Duo had gone somewhere else, and the other guys were looking around as he returned with a red satin nightgown in his hand. "Hey, guys! Howdya think this'll look on Hilde?" 

The guys said nothing. They simply answered Duo's question with a are-you-sure-you-wanna-buy-that, Hilde's-gonna-kill-you look. 

"That's what I thought." Duo put the special surprise into his cart. 

"So, are we finished?" asked Wufei. 

"No," said Trowa, "I have to get rubber cement." 

"What does Catherine need that for?" asked Duo. 

"It's not for Catherine, it's for me." 

The guys gave Trowa a strange look. 

"What, you think I use _gel_ to get this look?" He pointed to his hair. 

The guys made their final stop near the Arts & Crafts section and waited for Trowa to get his rubber cement. After he returned, they all went over to the checkout counter. The woman behind it laughed at them as she scanned all these women's personal items. Wufei scoffed, "I can't believe _I_ am being laughed at by an onna!" They charged the stuff on their credit cards and finally made their own separate ways to their cars. 

As Heero unlocked the door to Pagan's Lincoln, he heard someone shout, "Ha ha! The big macho Gundam pilot's driving a pink car!" He pulled a gun out of his spandex pants (lucky gun! ^_^), pointed it at the stranger, and said, "Omae o korosu." The rude stranger immediately got quiet and left Heero alone. Heero got inside the pink car and cranked the engine, wishing there was such a thing at Wal-Mart as 'mobile suit parking lots'. "Mission complete," he said, and he drove back to the Peacecraft mansion. 

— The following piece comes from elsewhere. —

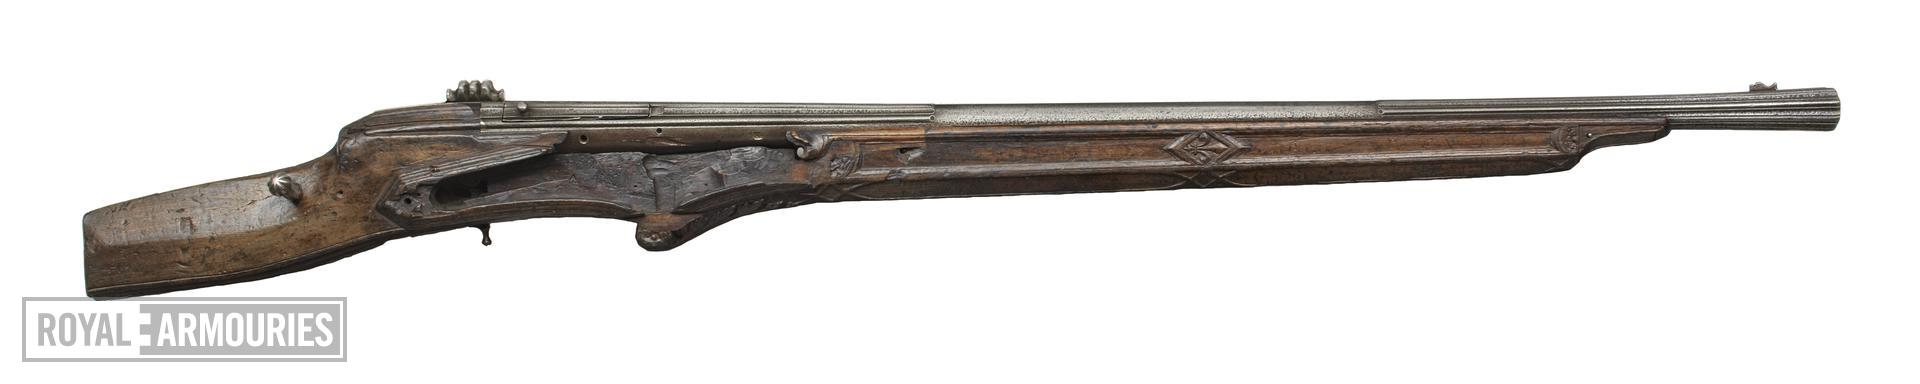 Wheellock breech-loading gun Of Henry VIII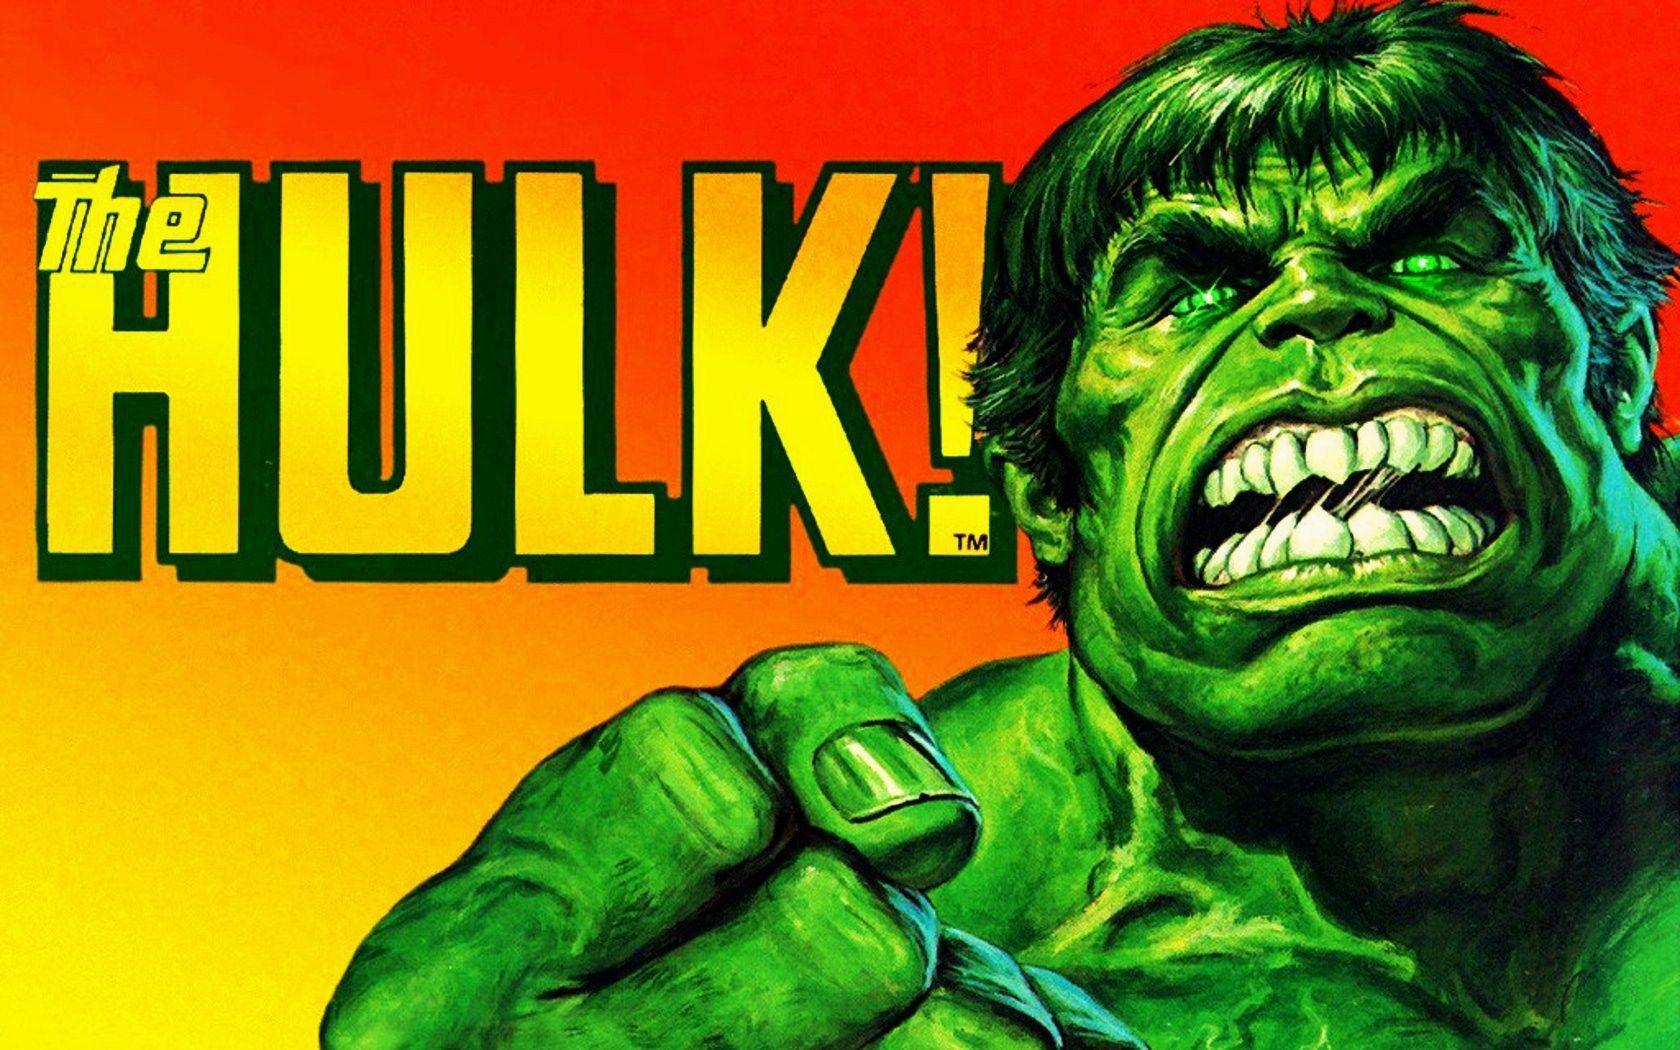 Cool Wallpaper Marvel The Incredible Hulk - 8c037aa3478920637dff5c3e53813965  2018_798663.jpg

Wufei loaded the items, loofah and all, into the trunk of Sally's new royal blue Mustang Cobra convertible. The same stranger that had made fun of Heero shouted at him, "Hey, man! Nice Mustang!" Wufei stepped into the car and said, "Injustice! That onna gets everything!" He drove home to a very happy and pleased onna Sally. 

Trowa made it to Catherine's green Chrysler Sebring convertible and put his sister's personal items in the trunk. He stepped in, thinking, _Thank goodness she let me drive this, instead of the clown car. I wonder if she's taken the lion out for his walk yet._

Unfortunately, things didn't go so well for Duo. He hopped into his El Camino, thinking, _I can't believe Hilde took the Corvette._ He got stuck in traffic behind someone who deserved the award for Bad Driver of the Year, and when he returned to the Maxwell house,... 

"Hilde, I'm home!" Duo called as he opened the door. He looked all around for her and found her in her room, reading a book. "Here's the stuff!" he happily announced.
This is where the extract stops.